== Segment start ==
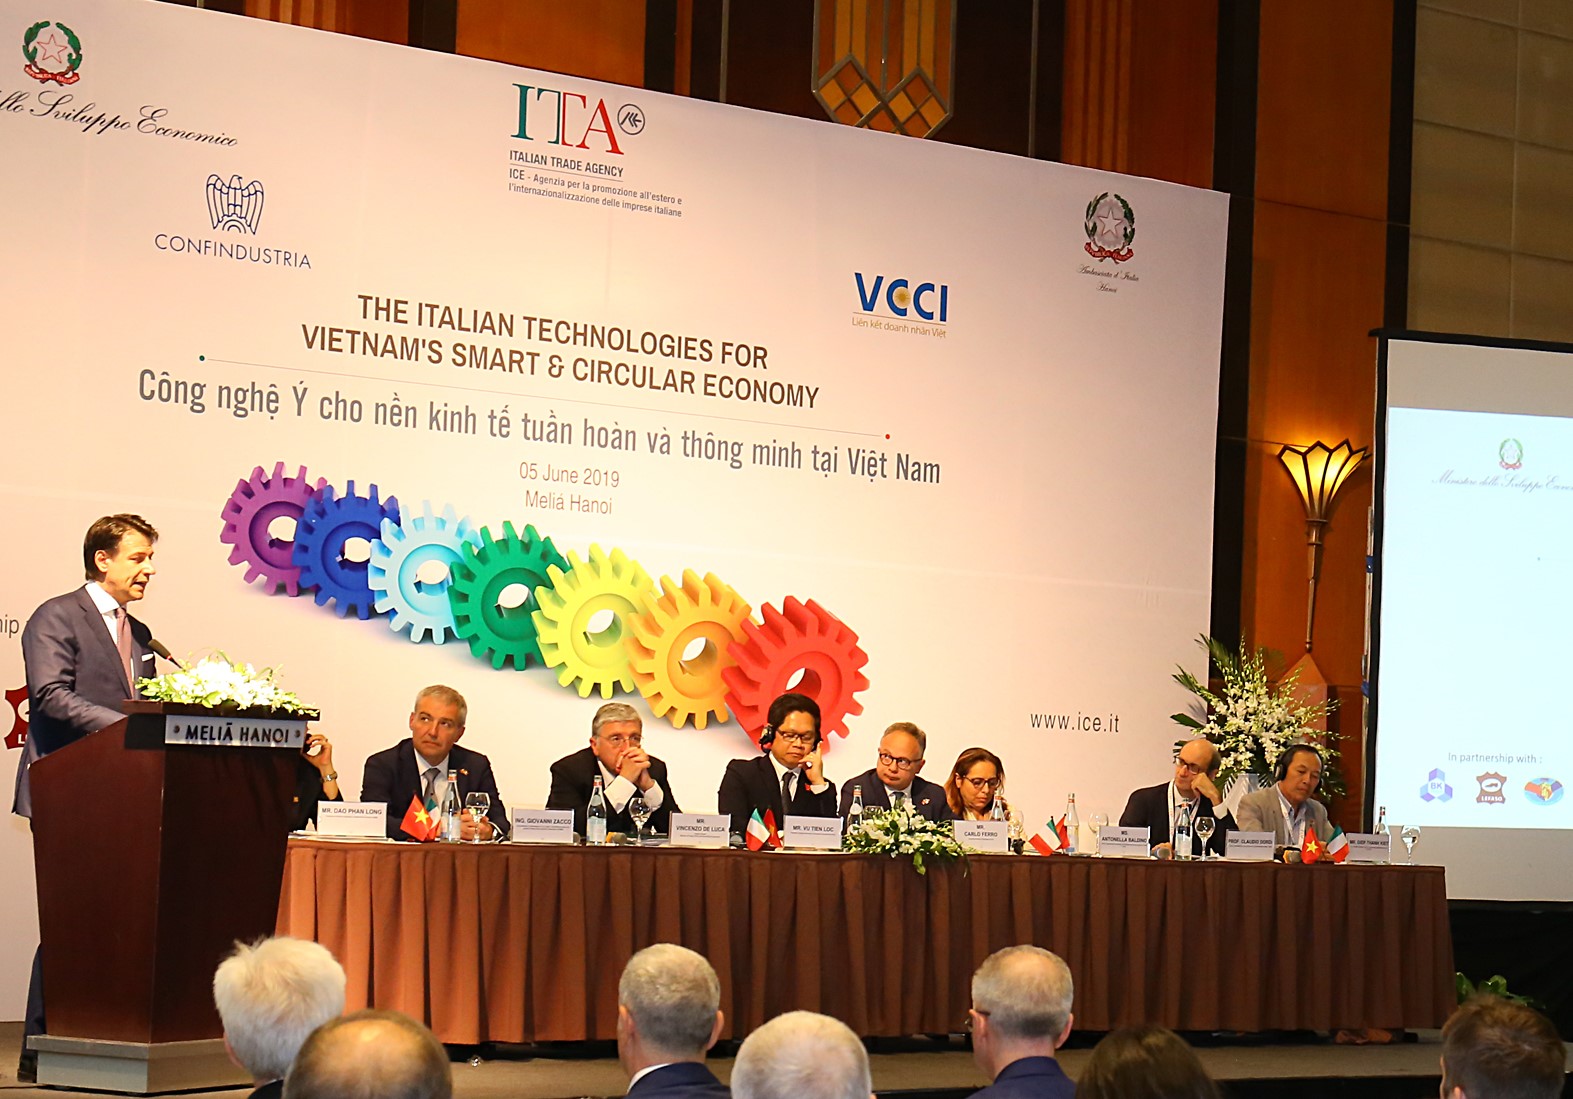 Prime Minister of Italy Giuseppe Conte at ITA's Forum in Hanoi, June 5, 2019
== Segment end ==
== Segment start ==
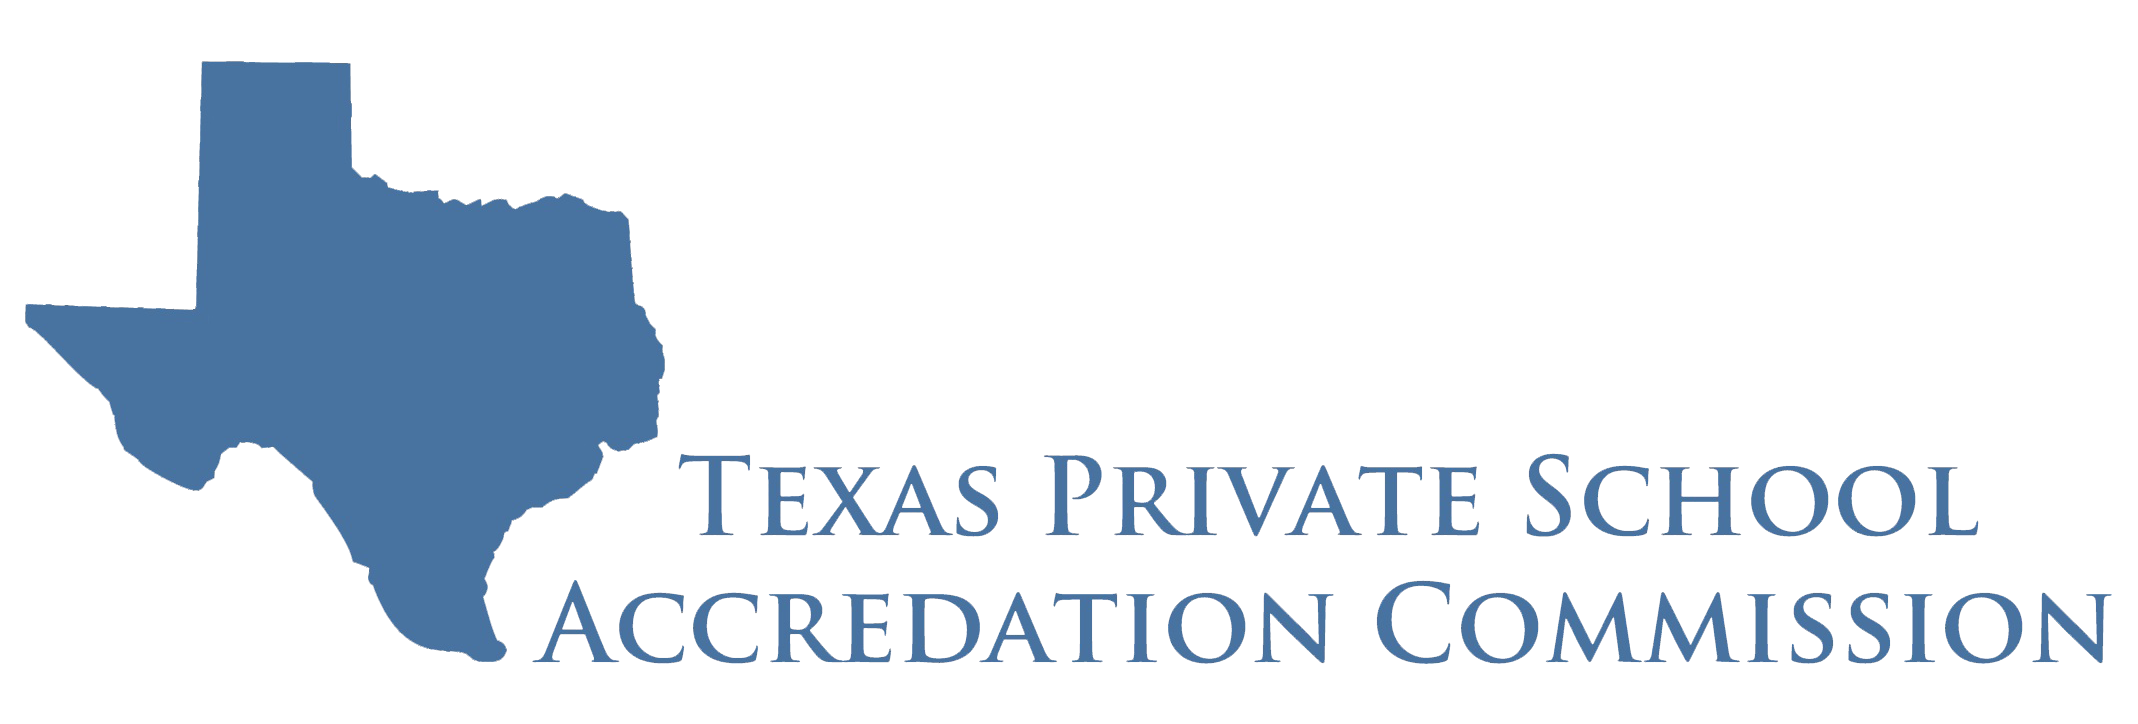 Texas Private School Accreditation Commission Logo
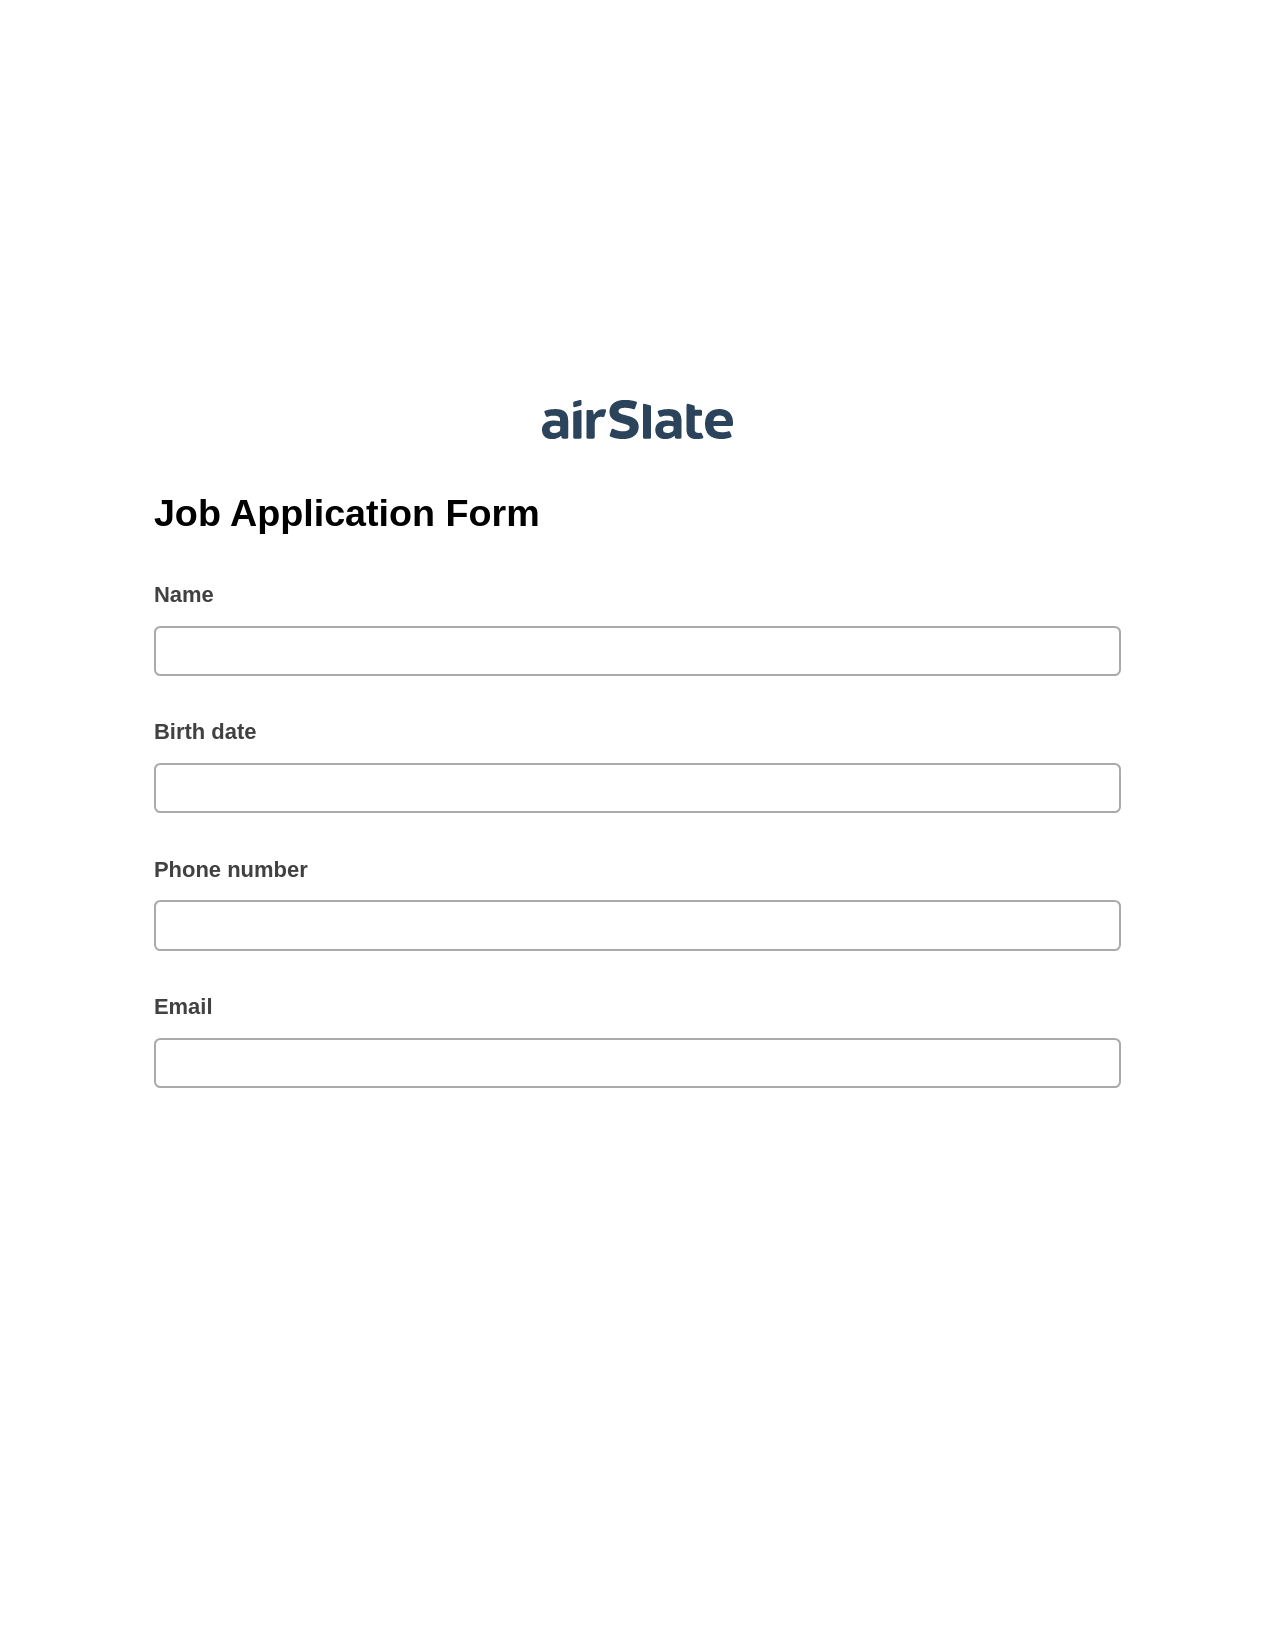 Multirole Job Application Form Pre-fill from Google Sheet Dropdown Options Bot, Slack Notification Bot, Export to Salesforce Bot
== Segment end ==
Look above for the line with "Texas Private School" and copy exactly from it through the line with "Multirole Job Application", both included. Omit the pictures.

 Texas Private School Accreditation Commission Logo
 Multirole Job Application Form Pre-fill from Google Sheet Dropdown Options Bot, Slack Notification Bot, Export to Salesforce Bot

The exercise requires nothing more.